If it turns out to be possible to measure how much a signal aliases using an oversampled FFT I think I need to know how to sum the complex magnitudes of an FFT and how that sum relates to the signal's RMS amplitude. I'm trying to figure it out with this patch: compareTimeFreqAmpl.pd . Select one of the three signals, pick a frequency if applicable, pick a volume, then capture the average magnitude of each FFT term (it computes the magnitude of the sum of all terms when you clear the capture toggle). Next, capture the RMS amplitude, which displays the ratio between the two measurements as a side effect. I hacked the ratio to be close to 1 for cos~ and ramps, but it's ~1.125 for noise. Note that I'm not using a hann window inside the fft subpatch--I think it's not relevant to this problem, and it seems to only change the ratio by 3/2, which is the expected effect of a hann window with 4x overlap.

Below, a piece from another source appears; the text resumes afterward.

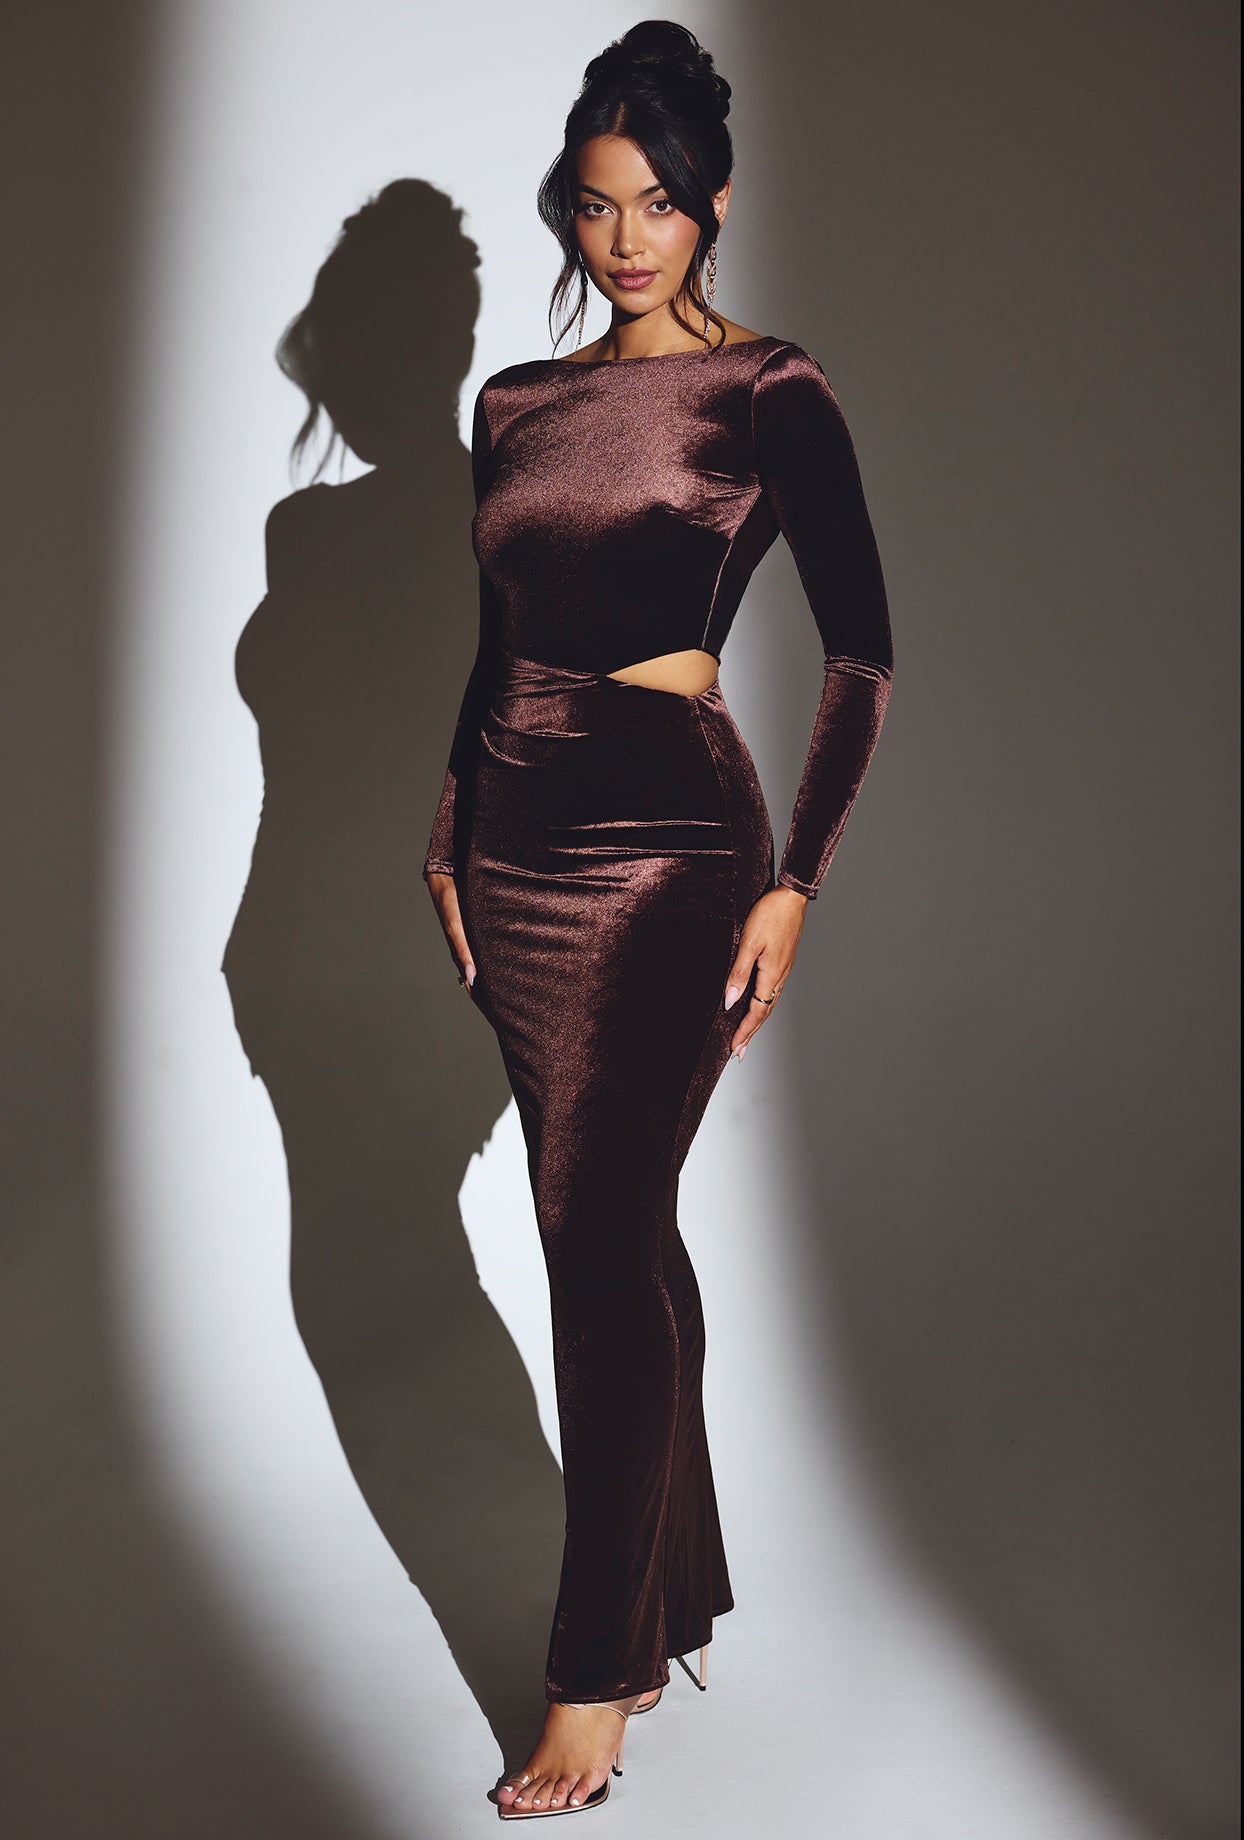 Aksamitna sukienka maxi z długim rękawem w kolorze czekoladowego brązu

You can see my ratio hack in the divide operation just before the ratio computation. I saw that I was off by sqrt(2) so I just included it, but is it sqrt(2), and if so, why? Why is noise different? Is it right to sum the FFT term magnitudes as uncorrelated signals? Is it right to double the sum because the rfft skips the symmetrical upper half of the terms for efficiency? What else am I doing wrong?
Edit: Hmm, that symmetrical upper half of terms? Probably uncorrelated as well. So the doubling has to happen before the sqrt, and then you get...sqrt(2)! Is that plausible?